== Your assignment ==
For the listing below, the answer is an exact retyping of the lines from the one with "Tall Rentier Weihnachts-Pullover, Weinrot" through the one with "Watercolor of a lamb framed", both included, without pictures.

== Provided material ==
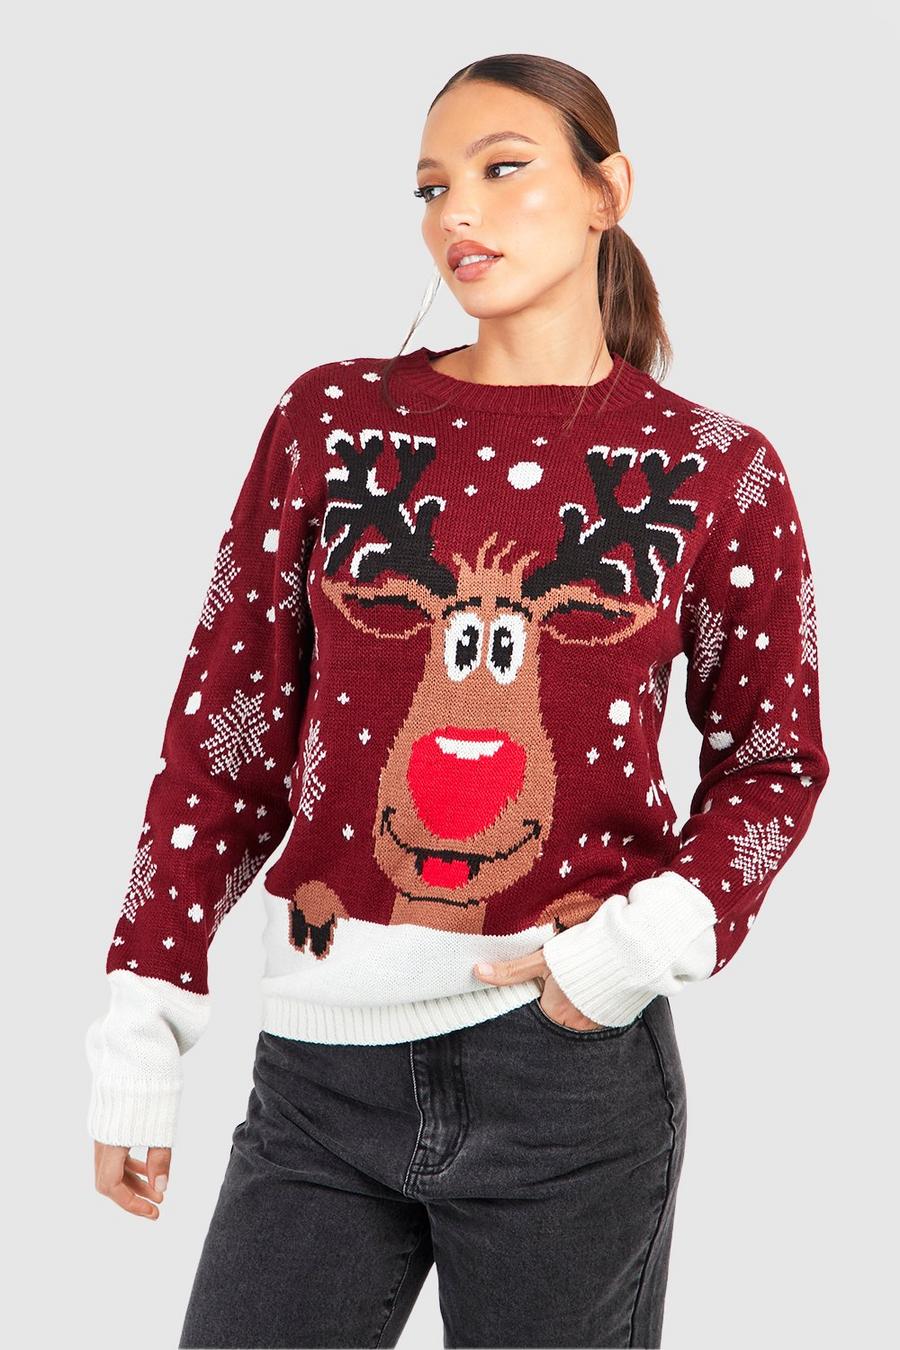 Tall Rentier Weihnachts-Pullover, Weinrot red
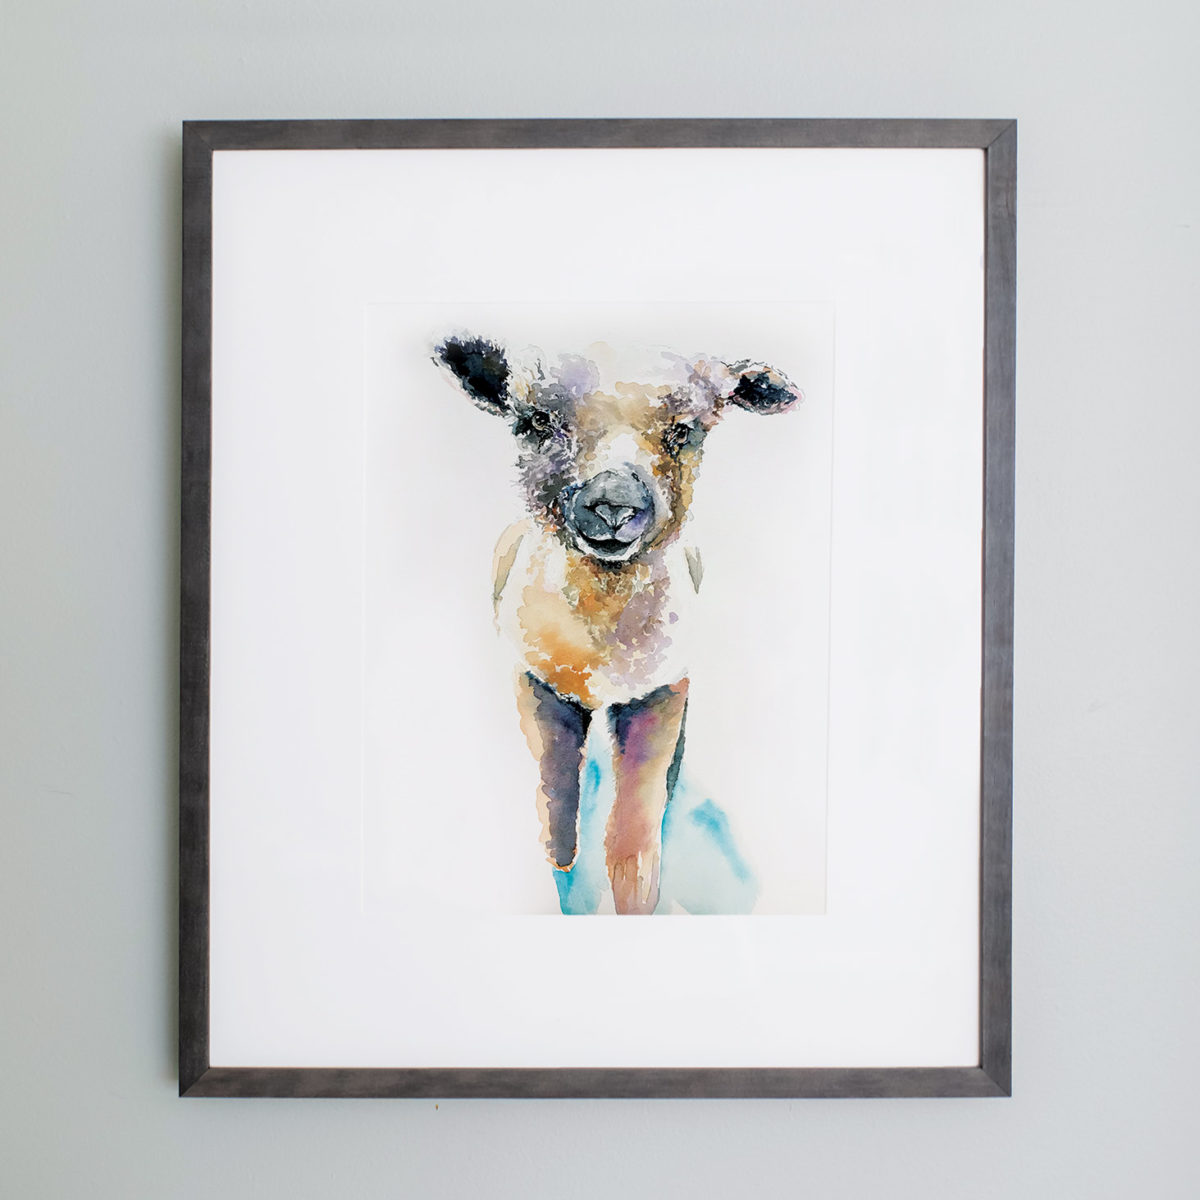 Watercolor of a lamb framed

* * *

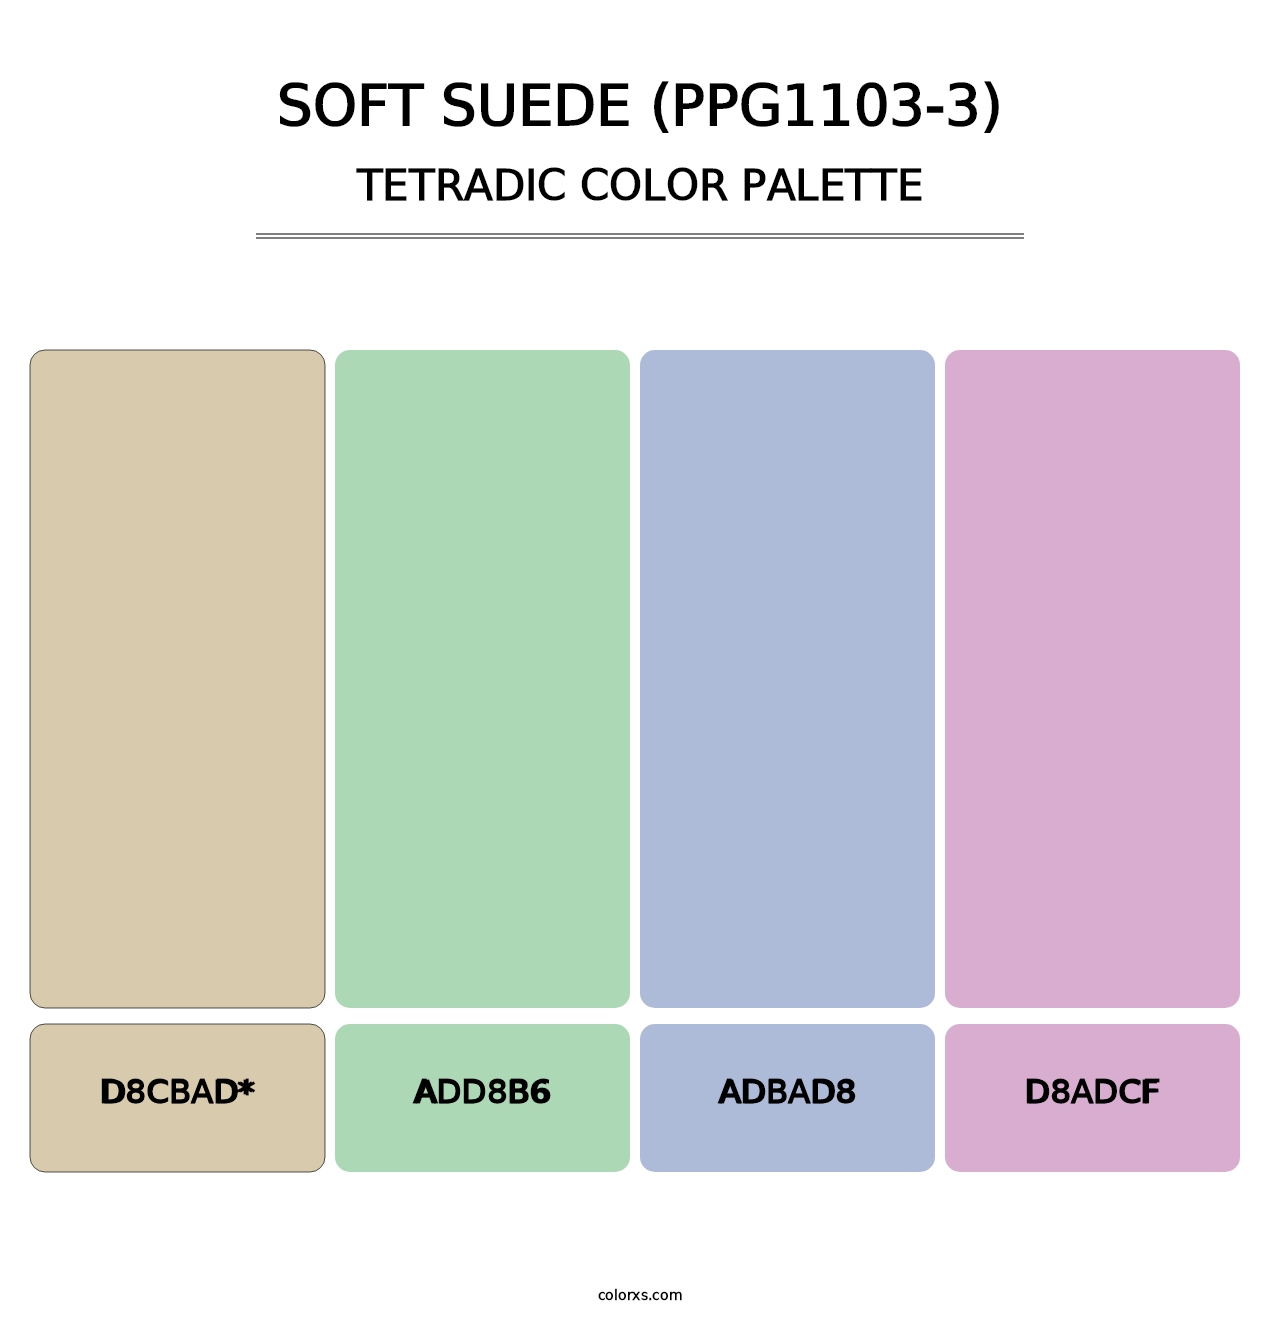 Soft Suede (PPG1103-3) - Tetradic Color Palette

== Task response ==
 Tall Rentier Weihnachts-Pullover, Weinrot red
 Watercolor of a lamb framed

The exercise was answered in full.